Thursday, October 31, 2024

 


Funereal Plots

Horror Cinema reviews


Matthew M. Bartlett






Longlegs


Writer/Director: Oz Perkins


On paper, Longlegs is a fairly standard story: an FBI agent hunts an elusive serial killer who leaves cryptic clues. But this is Oz Perkins, who’s behind the eccentric movies I Am the Pretty Thing that Lives in the House (glacially paced, nearly ruined by idiosyncratic narration) and The Blackcoat’s Daughter (brilliant, if somewhat confusing).

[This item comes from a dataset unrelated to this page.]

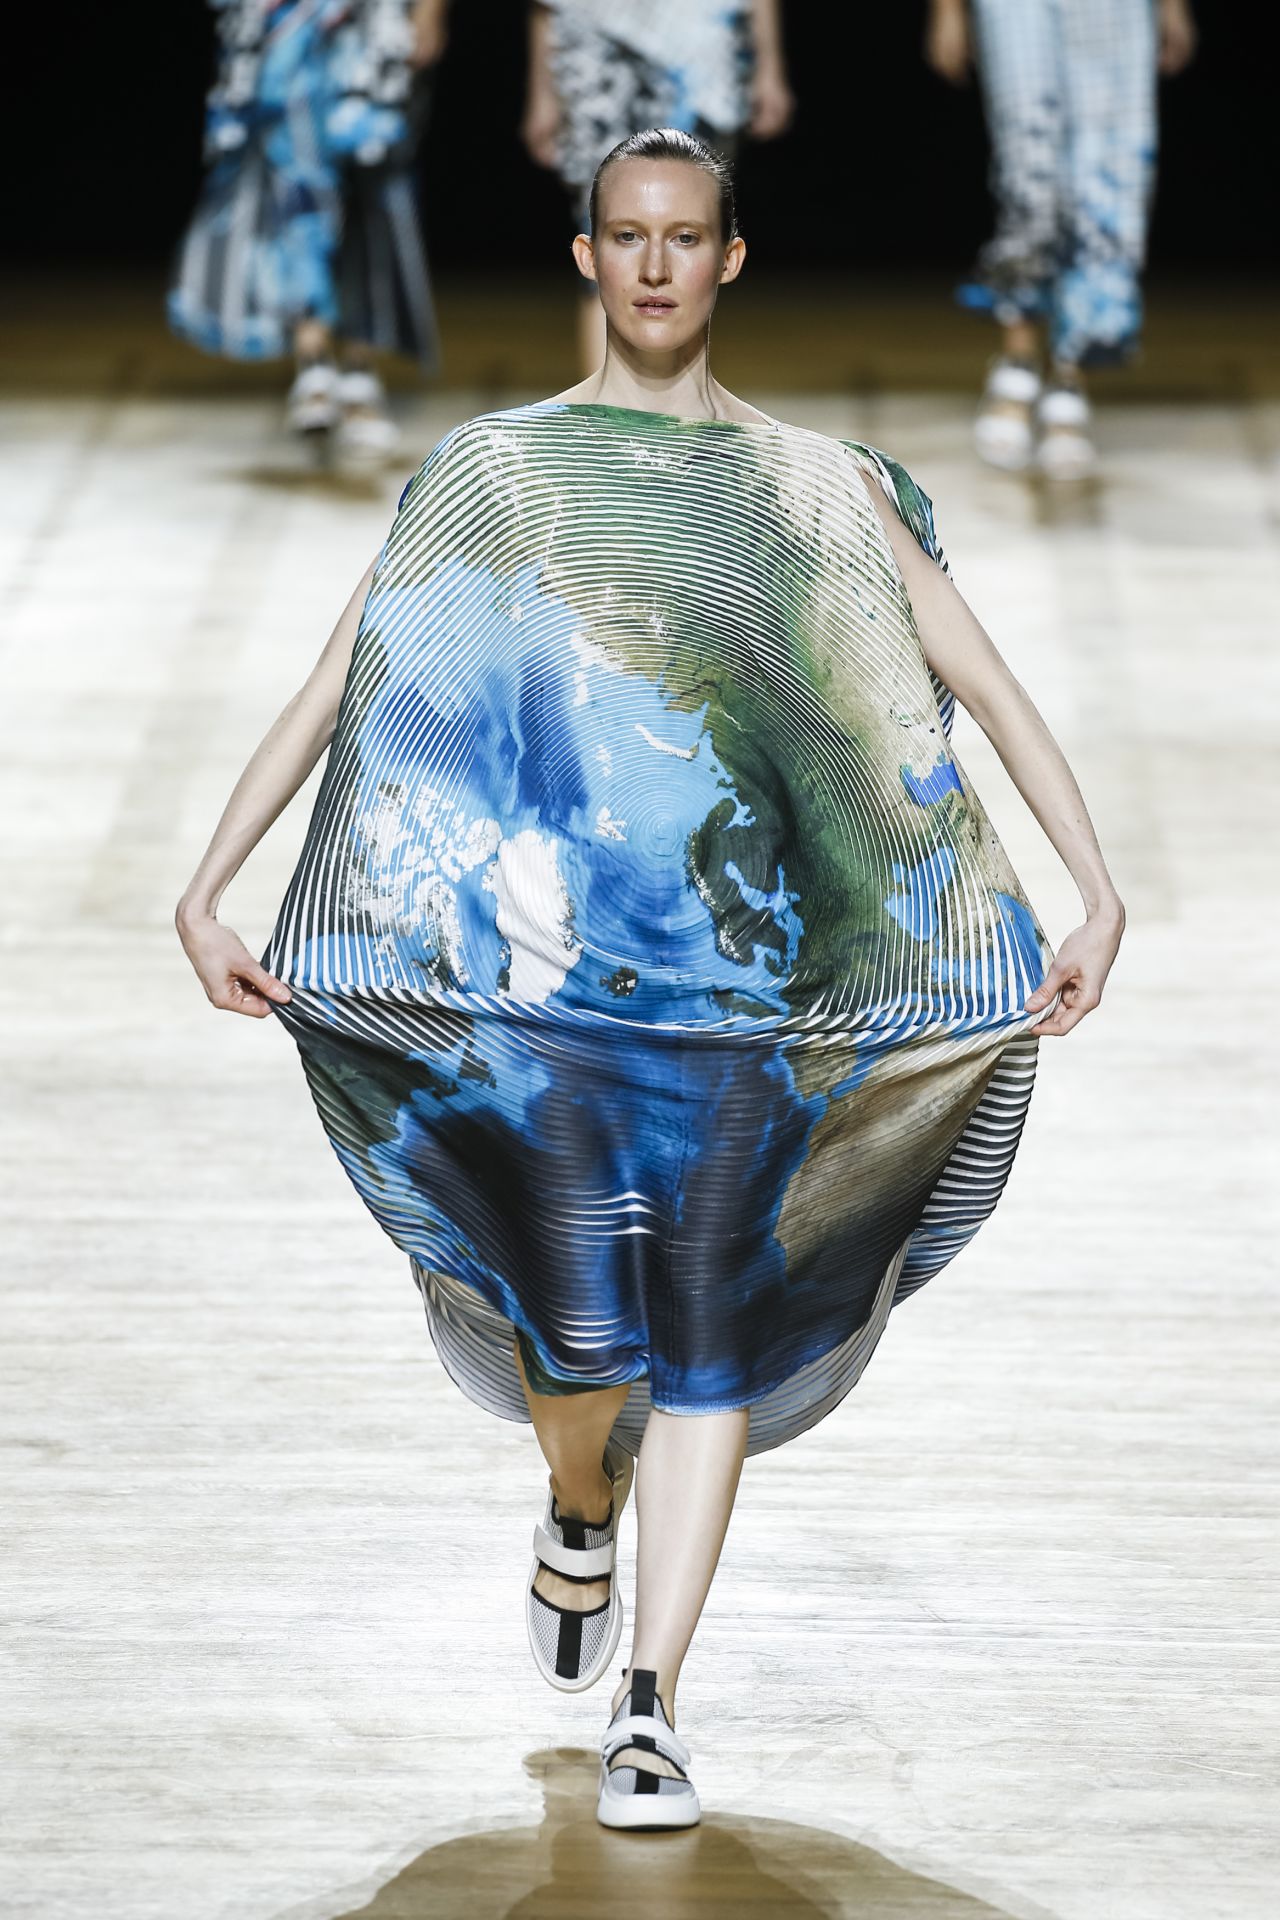 A model walks the runway for Issey Miyake at Paris Fashion Week's Spring-Summer 2018 edition.
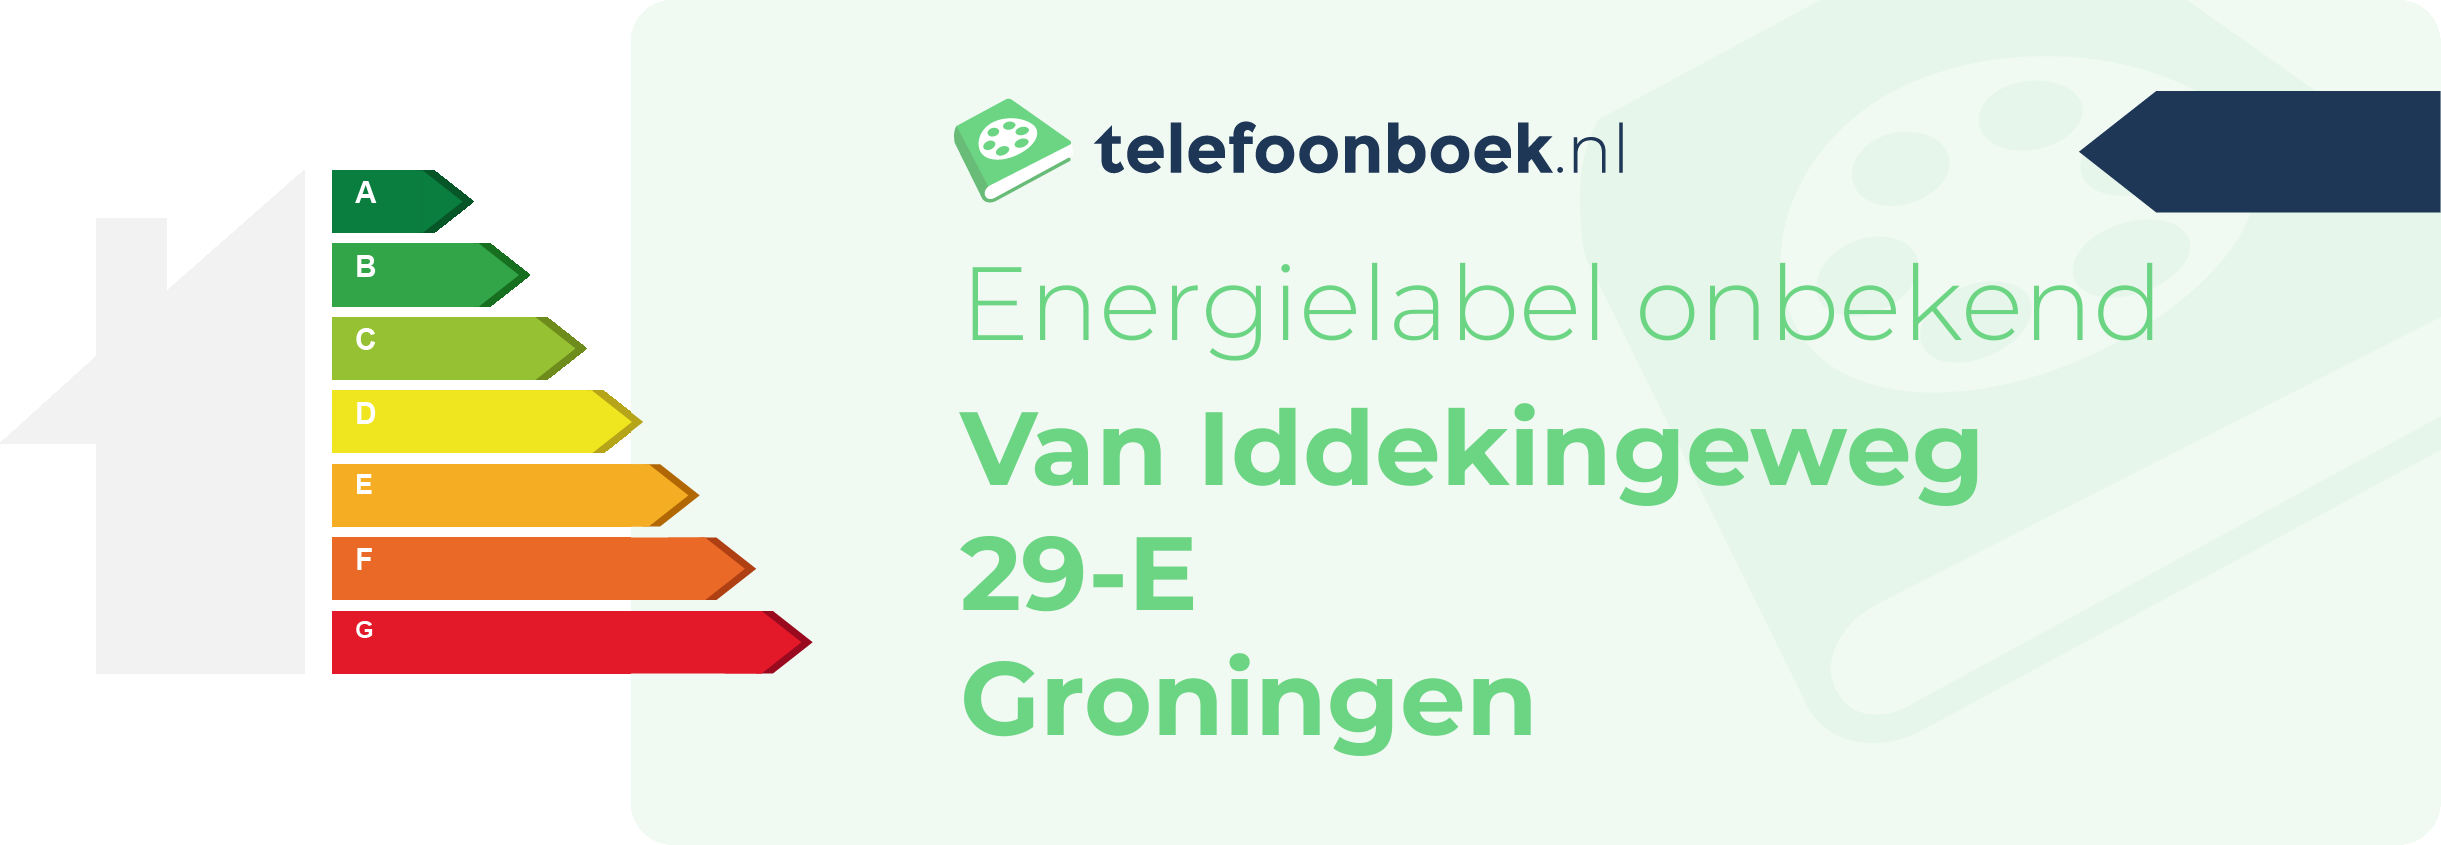 Energielabel Van Iddekingeweg 29-E Groningen

In Longlegs, we meet FBI agent Lee Harker, seemingly timid, possibly psychic, the latter a plot point that the movie mystifyingly seems to drop. Harker is investigating a supposedly Manson-like killer who somehow persuades a father to murder his family and, without being present, leaves a cryptogram for the police to find. Moreover, each family has a daughter born on the 14th of the month, the killings taking place shortly before or after that daughter’s birthday. This all, of course, has an occult meaning.

Oh, there are strange dolls with orbs in their heads, too.

The performances are first rate. Malika Monroe, who in real life exudes movie star glamour, is gaunt, tired-looking, mousy. Lee’s mother Ruth is played by Alicia Witt as spacey, strange, and secretive. But Nicolas Cage’s performance anchors the movie…maybe anchors isn’t the right word. It does the opposite—casts it adrift from the “thriller” category and sends it straight into deranged, disorienting horror. Even for Cage, this is a weird one. I have no adjectives for it. I almost wish he had appeared uncredited. I don’t think I would have recognized him. I think many wouldn’t have.

Despite the familiar beats that understandably draw comparisons to Silence of the Lambs, Longlegs strides straight into the dark realms of the Satanic and the supernatural. The assured direction, atmospheric cinematography, and sound design (some super-weird choices there) work in concert with Cage (who also produces) to provide a deeply disturbing movie experience. It’s hypnotic. It’s odd. It is, at times, as utterly terrifying as modern horror gets.